The judicial acts and proceedings of the court were good and valid. The
governments by the Philippine Executive Commission and the Republic of the
Philippines during the Japanese military occupation being de facto governments, it
necessarily follows that the judicial acts and proceedings of the court of justice of
those governments, which are not of a political complexion, were good and valid.
Those not only judicial but also legislative acts of de facto government, which are not
of a political complexion, remained good and valid after the liberation or
reoccupation of the Philippines by the American and Filipino forces under the
leadership of General Douglas MacArthur.
The phrase “processes of any other government” is broad and may refer not only
to the judicial processes, but also to administrative or legislative, as well as
constitutional, processes of the Republic of the Philippines or other governmental
agencies established in the Islands during the Japanese occupation. Taking into
consideration the fact that, as above indicated, according to the well-known
principles of international law all judgements and judicial proceedings, which are not
of a political complexion, of the de facto governments during the Japanese military
occupation were good and valid before and remained so after the occupied territory
had come again into the power of the titular sovereign, it should be presumed that it
was not, and could not have been, the intention of General Douglas MacArthur, in
using the phrase “processes of any other government” in said proclamation, to refer
to judicial processes, in violation of said principles of international law.

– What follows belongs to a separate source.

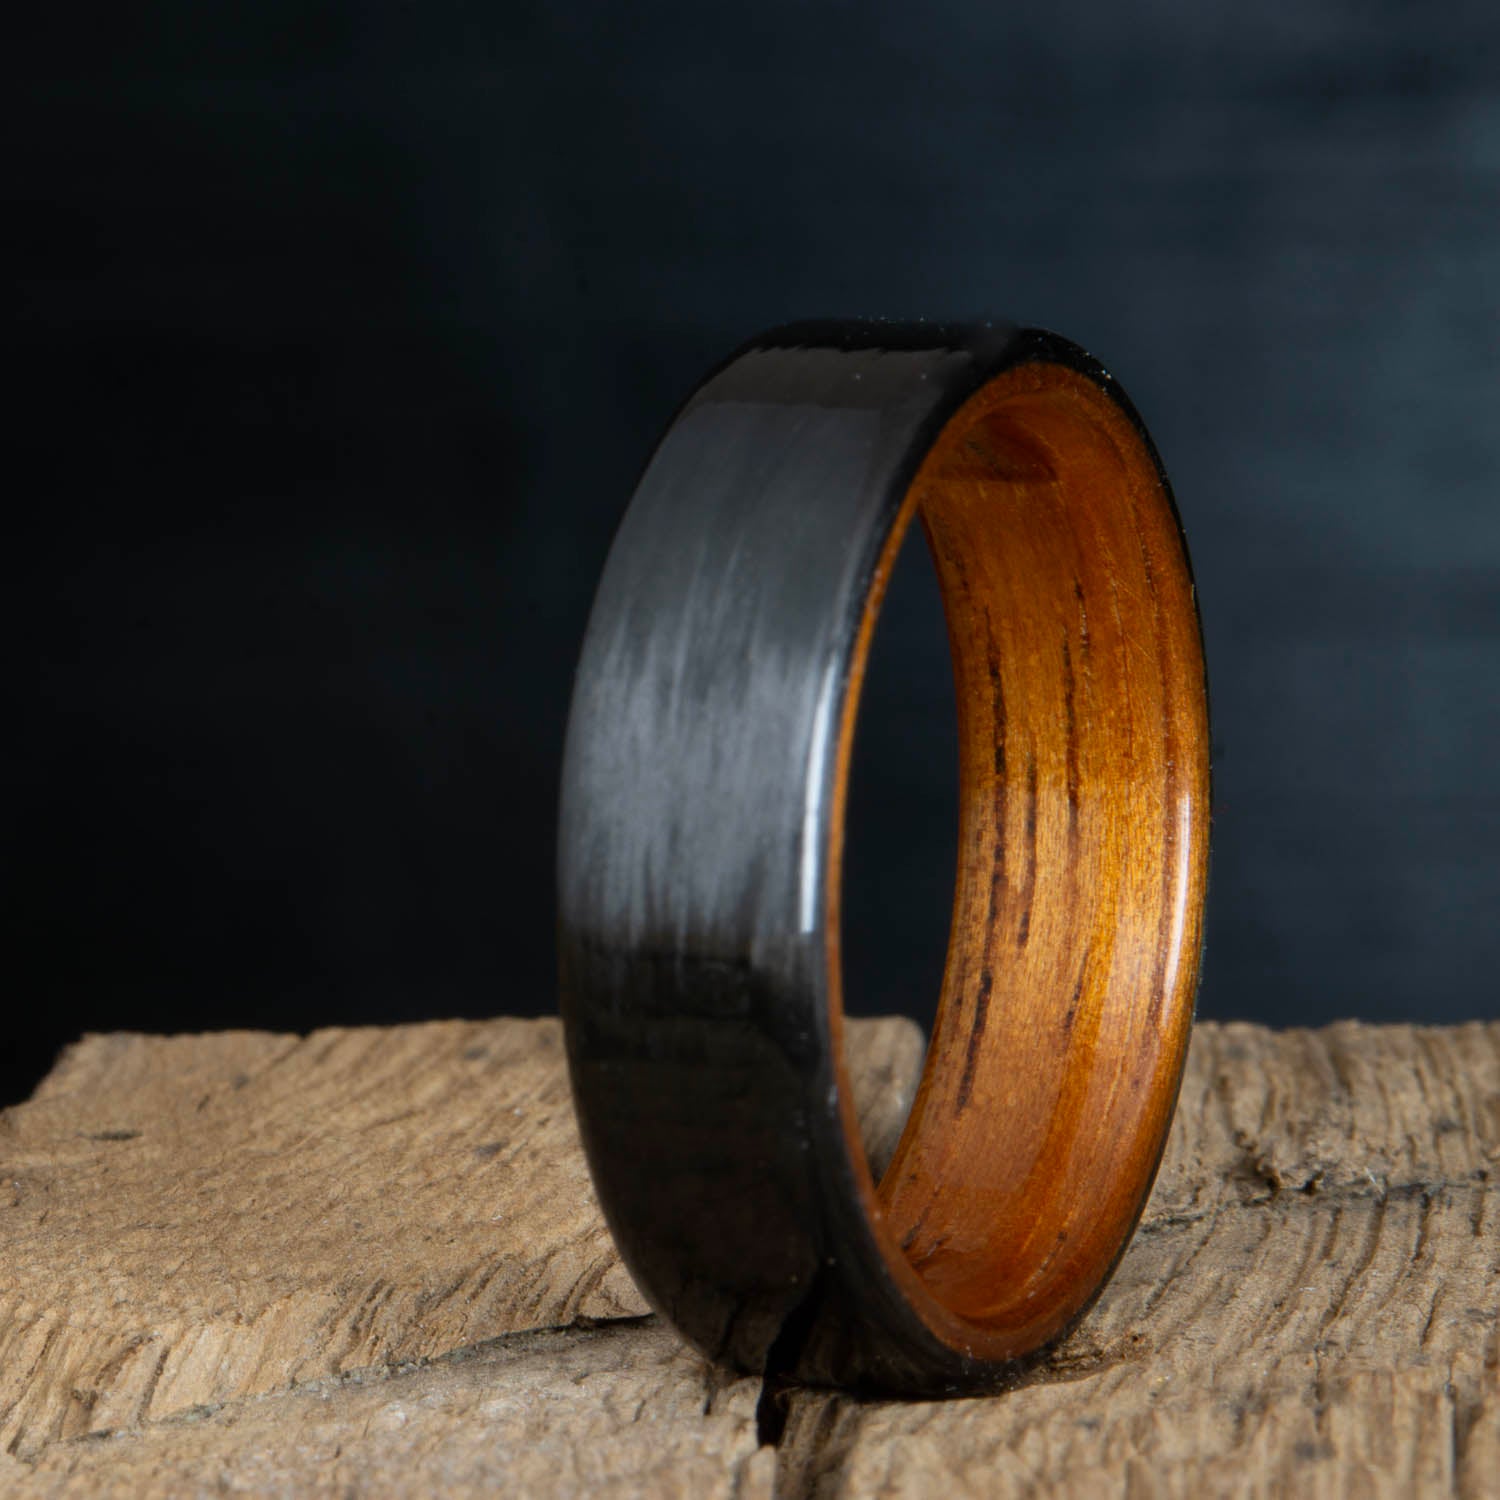 Carbon fiber ring with Koa wood interior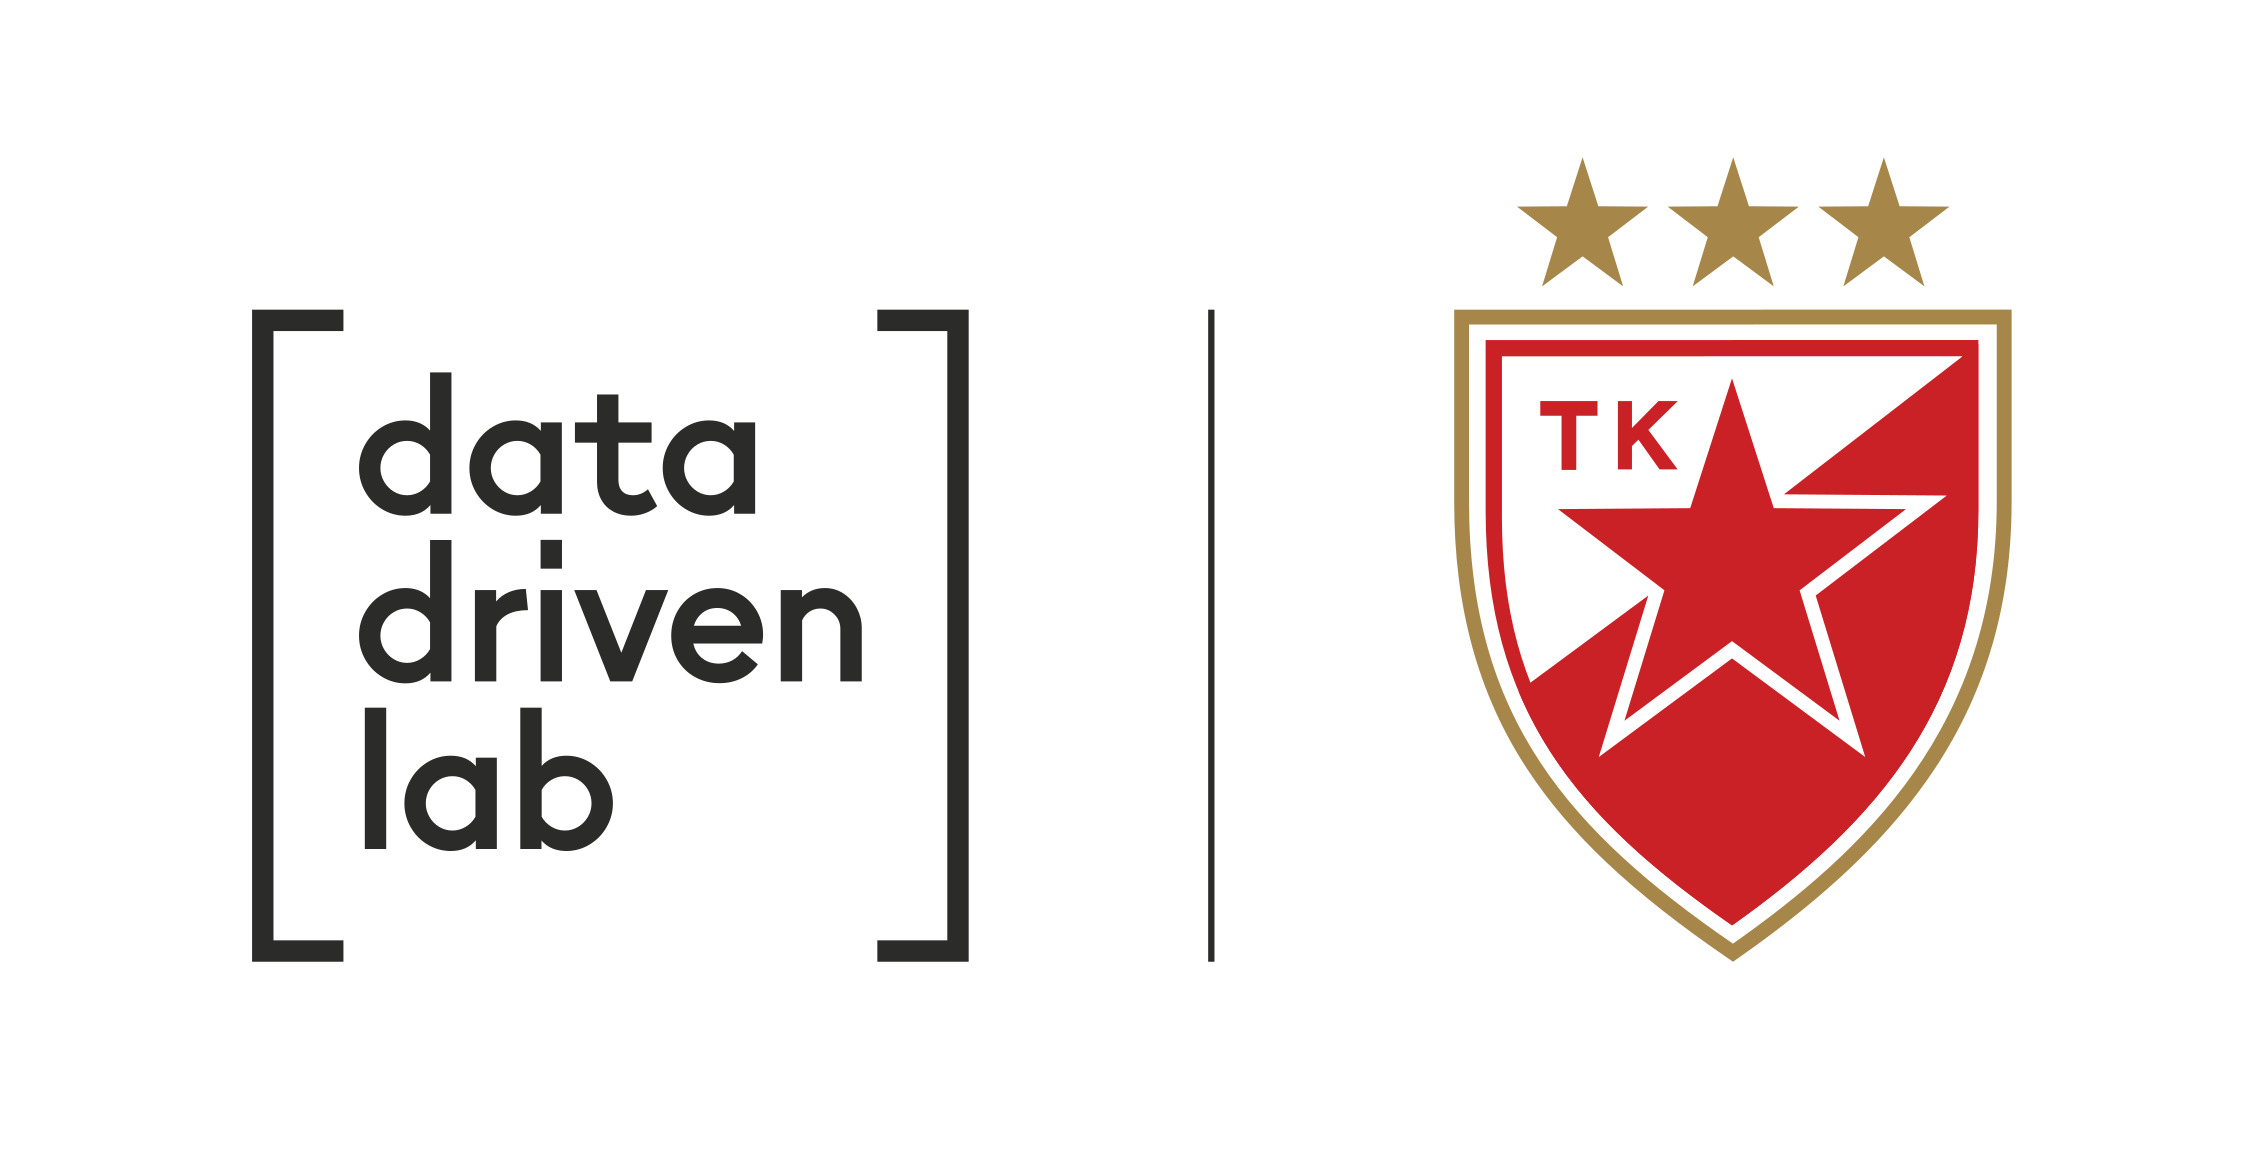 ddl-tk-joint-logo9469

Although in theory the authority of the local civil and judicial administration is
suspended as a matter of course as soon as military occupation takes place, in
practice the invader does not usually take the administration of justice into his own
hands, but continues the ordinary courts or tribunals to administer the laws of the
country which he is enjoined, unless absolutely prevented, to respect. An Executive
Order of President McKinley to the Secretary of War states that “in practice, they (the
municipal laws) are not usually abrogated but are allowed to remain in force and to
be administered by the ordinary tribunals substantially as they were before the
occupation. This enlightened practice is, so far as possible, to be adhered to on the
present occasion.” And Taylor in this connection says: “From a theoretical point of
view it may be said that the conqueror is armed with the right to substitute his
arbitrary will for all pre-existing forms of government, legislative, executive and
judicial. From the stand-point of actual practice such arbitrary will is restrained by the
provision of the law of nations which compels the conqueror to continue local laws
and institution so far as military necessity will permit.” Undoubtedly, this practice has
been adopted in order that the ordinary pursuits and business of society may not be
unnecessarily deranged, inasmuch as belligerent occupation is essentially provisional,
and the government established by the occupant of transient character.